Work to be completed.
The whole listing that follows is to be restated word for word, images excluded.

··········

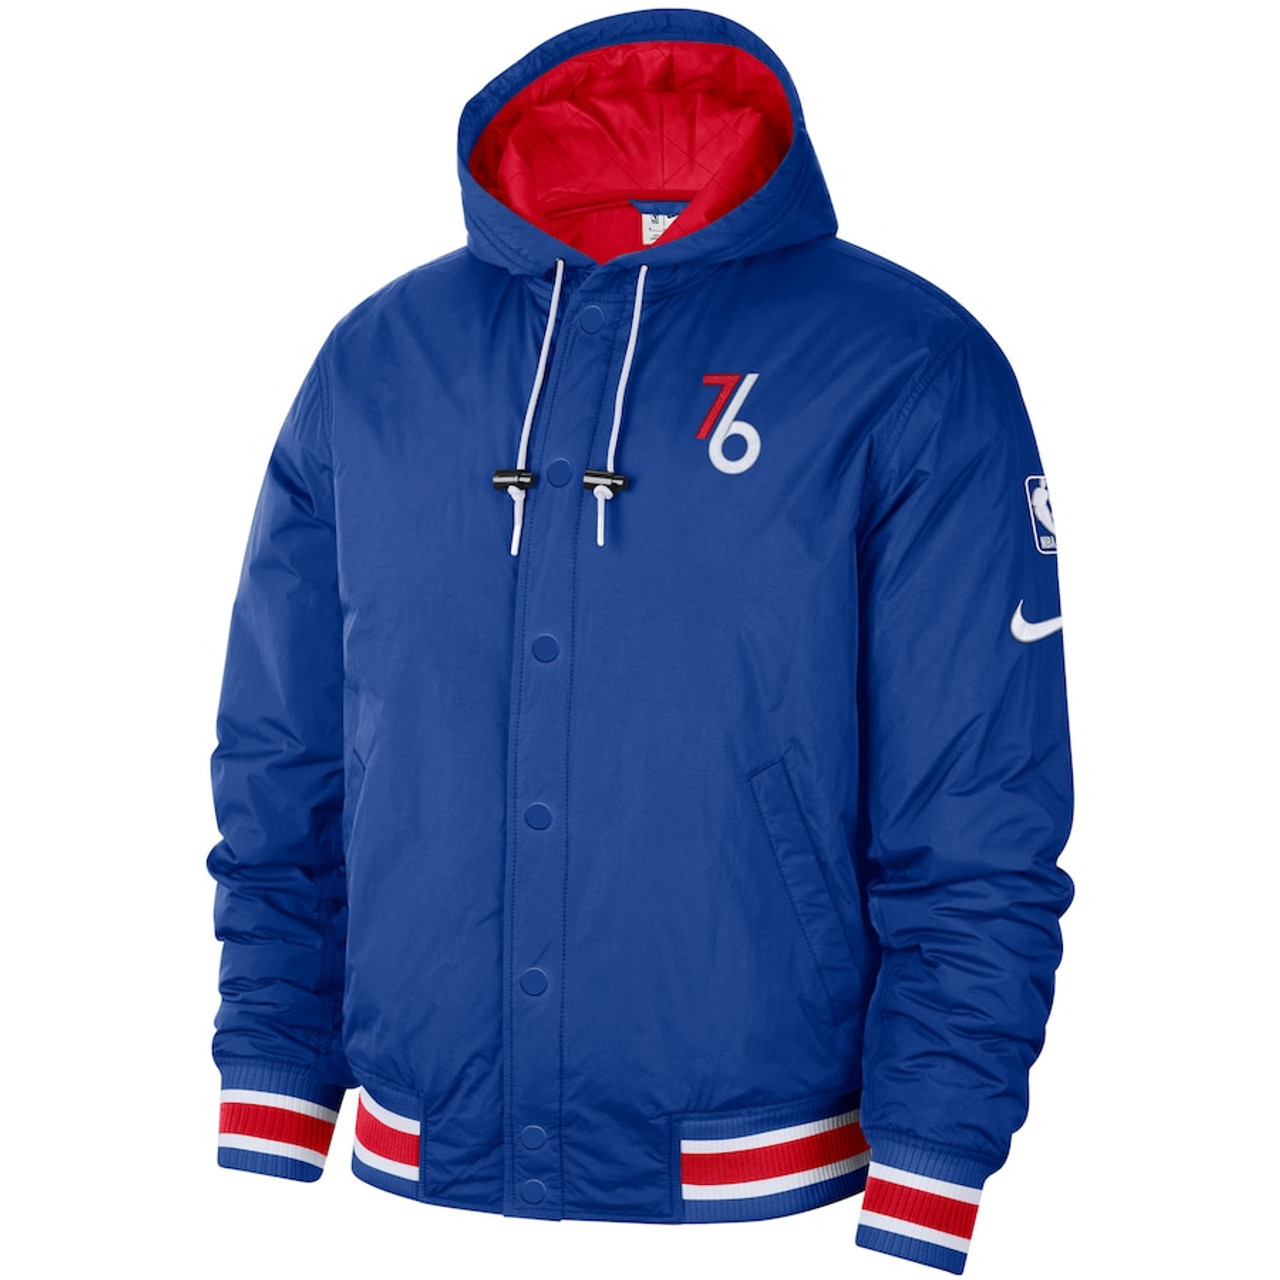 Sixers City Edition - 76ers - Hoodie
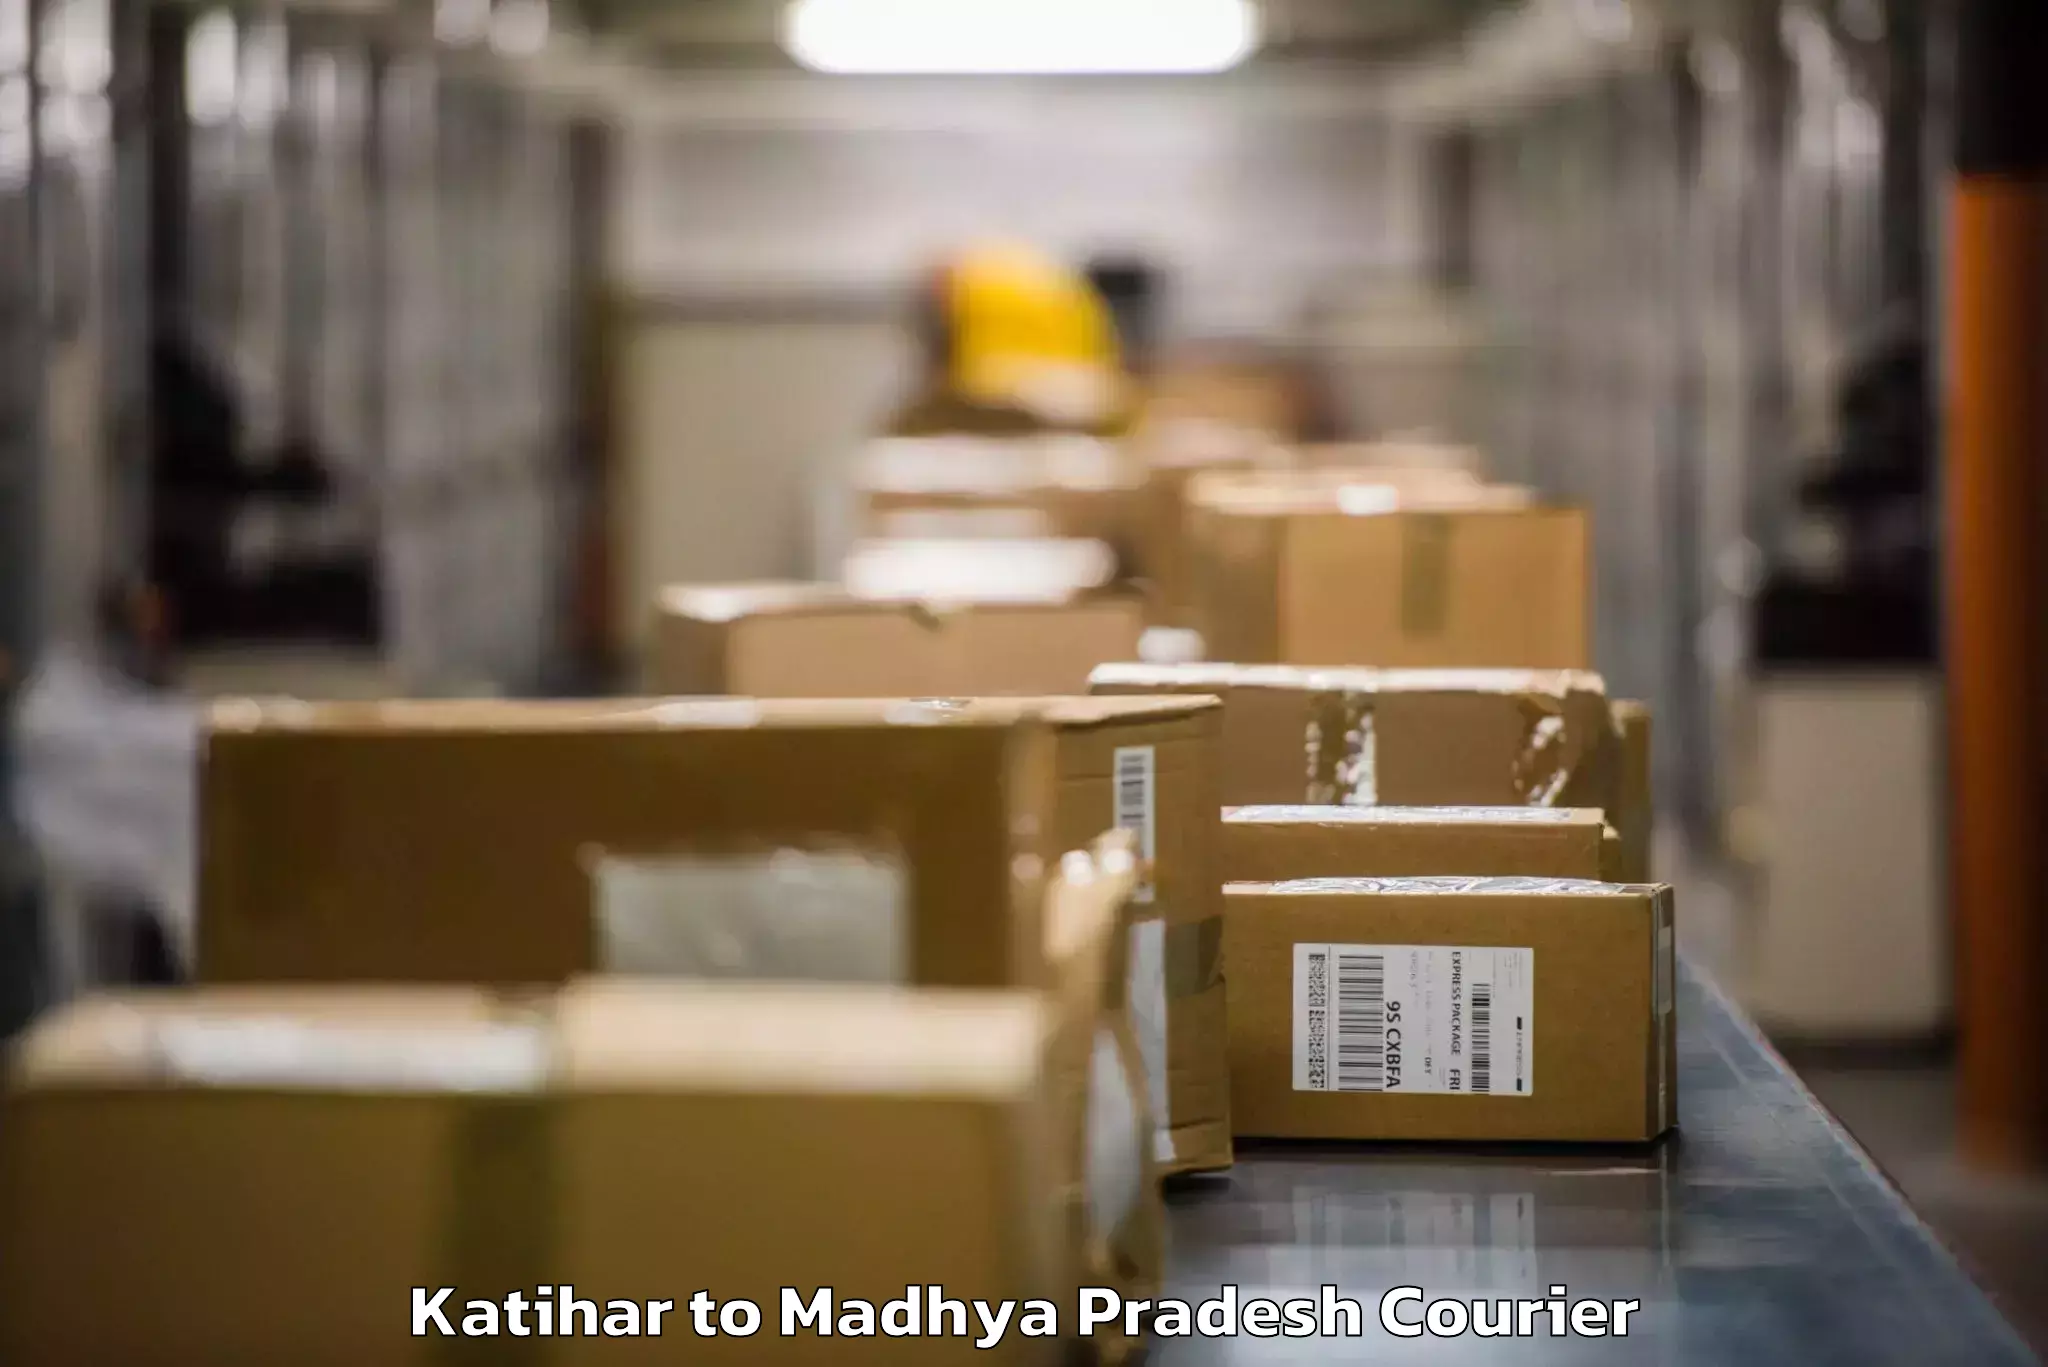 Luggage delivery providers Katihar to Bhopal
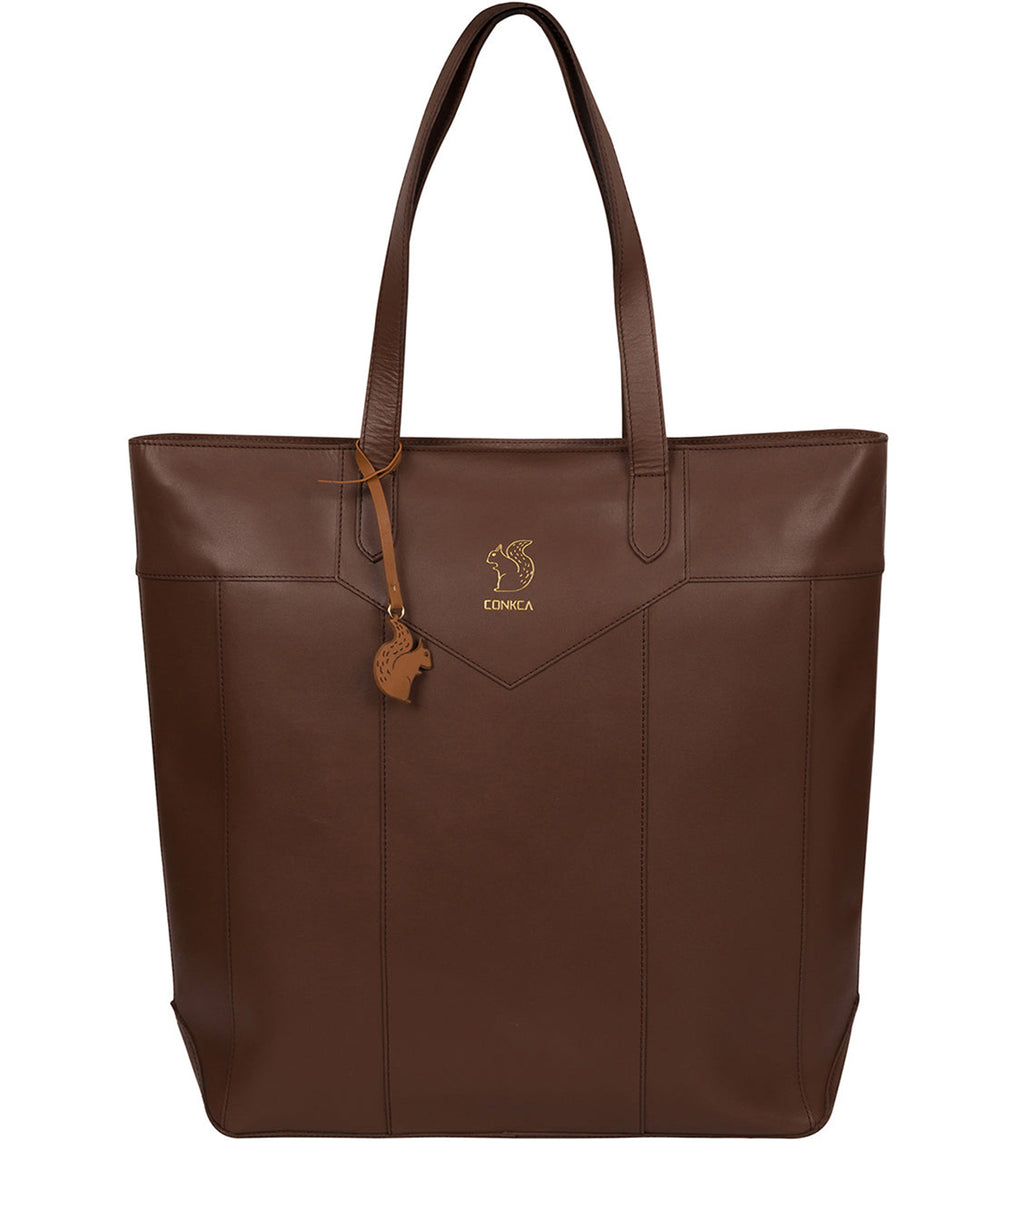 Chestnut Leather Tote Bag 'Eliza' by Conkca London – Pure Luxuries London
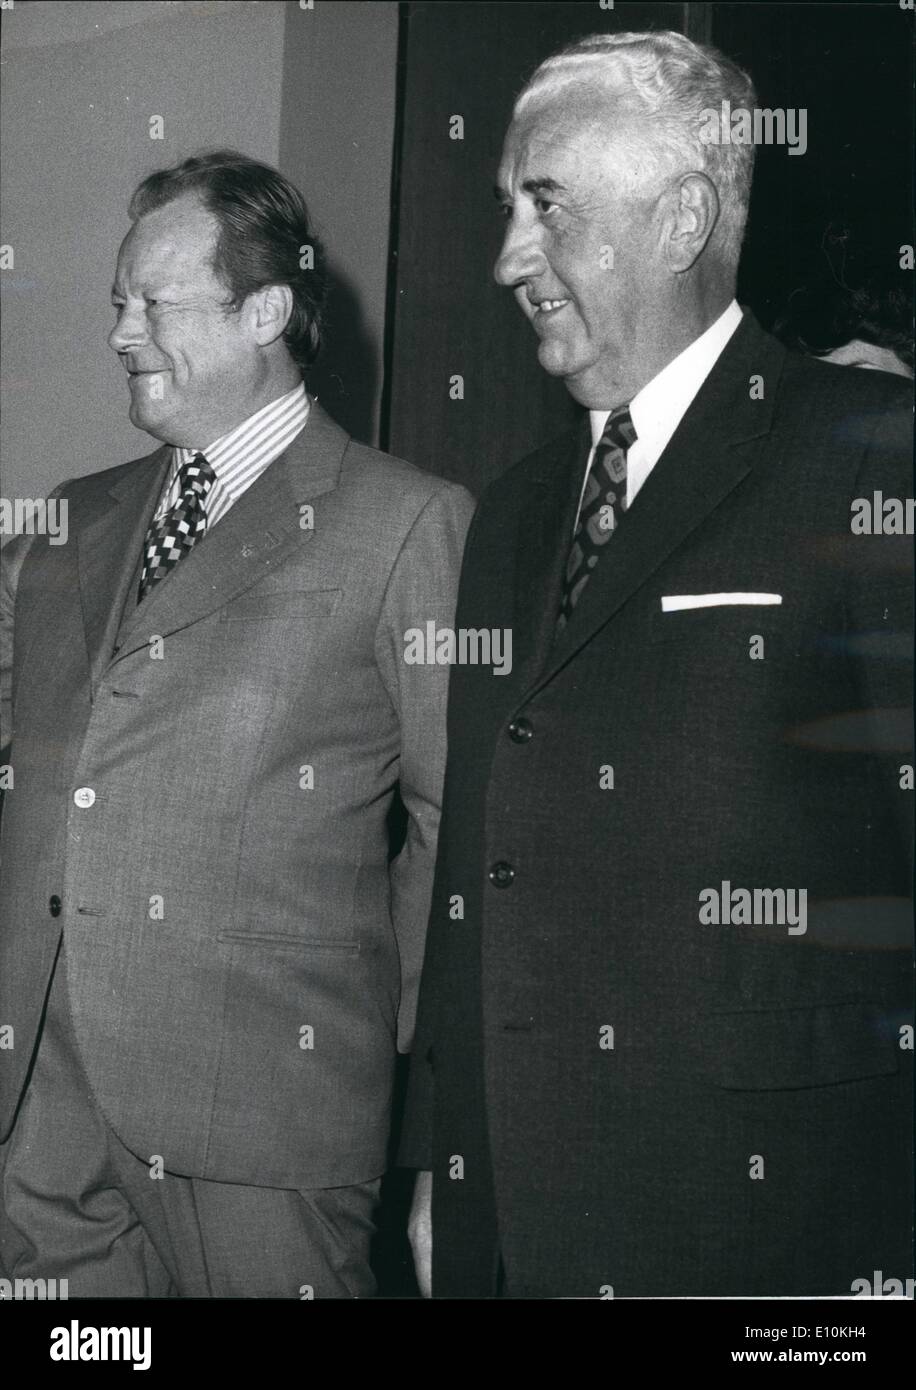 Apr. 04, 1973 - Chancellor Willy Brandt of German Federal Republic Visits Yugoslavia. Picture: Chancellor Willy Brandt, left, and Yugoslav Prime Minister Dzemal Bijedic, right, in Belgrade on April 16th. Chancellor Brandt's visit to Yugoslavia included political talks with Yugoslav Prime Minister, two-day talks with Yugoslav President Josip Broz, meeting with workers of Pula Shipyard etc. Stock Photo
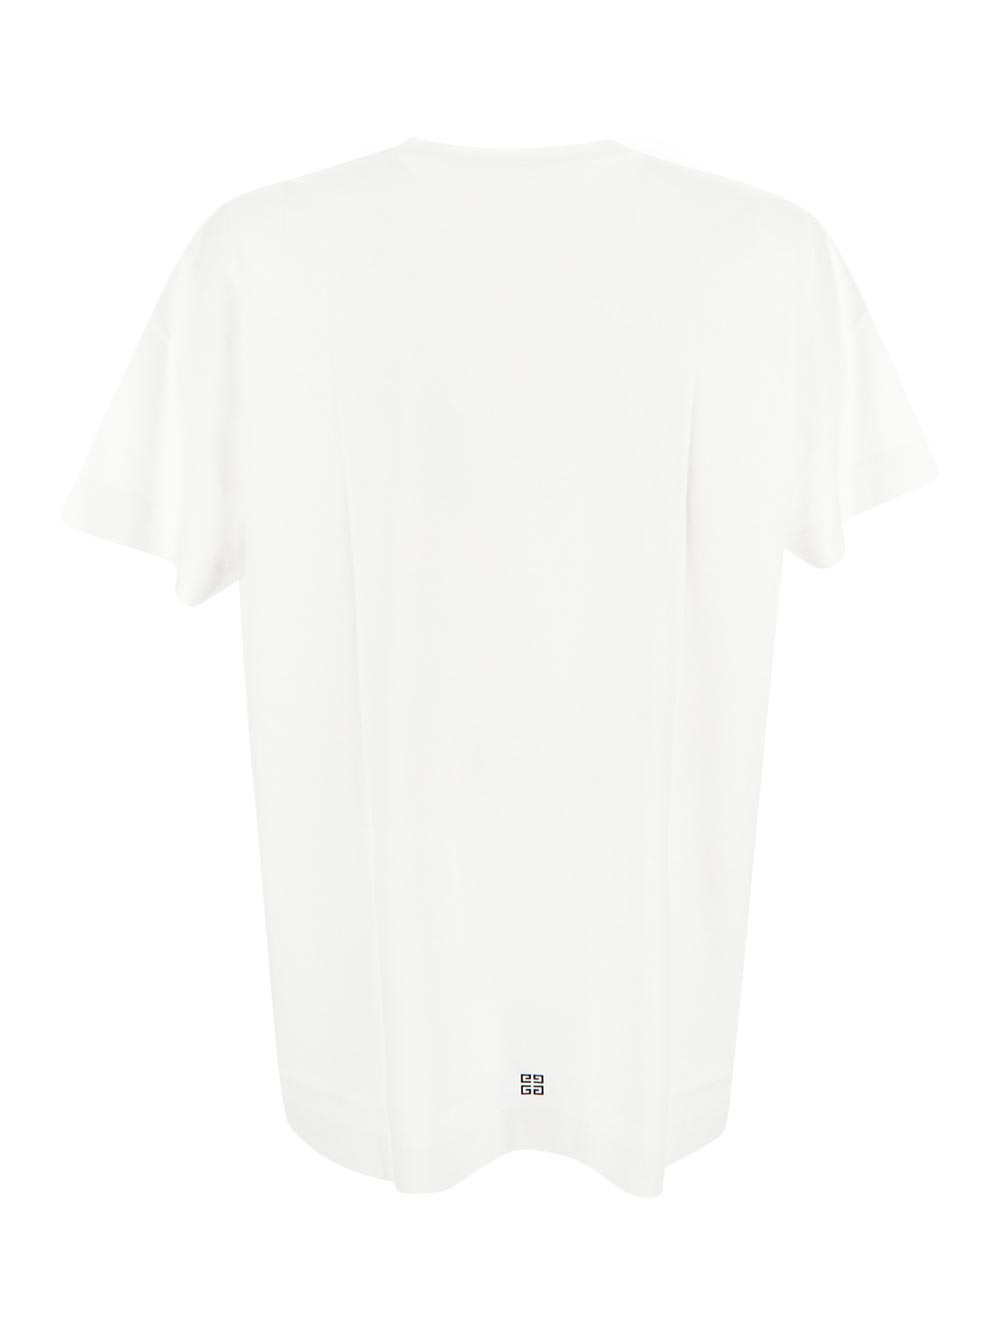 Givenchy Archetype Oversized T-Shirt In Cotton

··········

Reply.
 Sixers City Edition - 76ers - Hoodie
 Luggage delivery providers Katihar to Bhopal
 Chestnut Leather Tote Bag 'Eliza' by Conkca London – Pure Luxuries London
 Apr. 04, 1973 - Chancellor Willy Brandt of German Federal Republic Visits Yugoslavia. Picture: Chancellor Willy Brandt, left, and Yugoslav Prime Minister Dzemal Bijedic, right, in Belgrade on April 16th. Chancellor Brandt's visit to Yugoslavia included political talks with Yugoslav Prime Minister, two-day talks with Yugoslav President Josip Broz, meeting with workers of Pula Shipyard etc. Stock Photo
 Givenchy Archetype Oversized T-Shirt In Cotton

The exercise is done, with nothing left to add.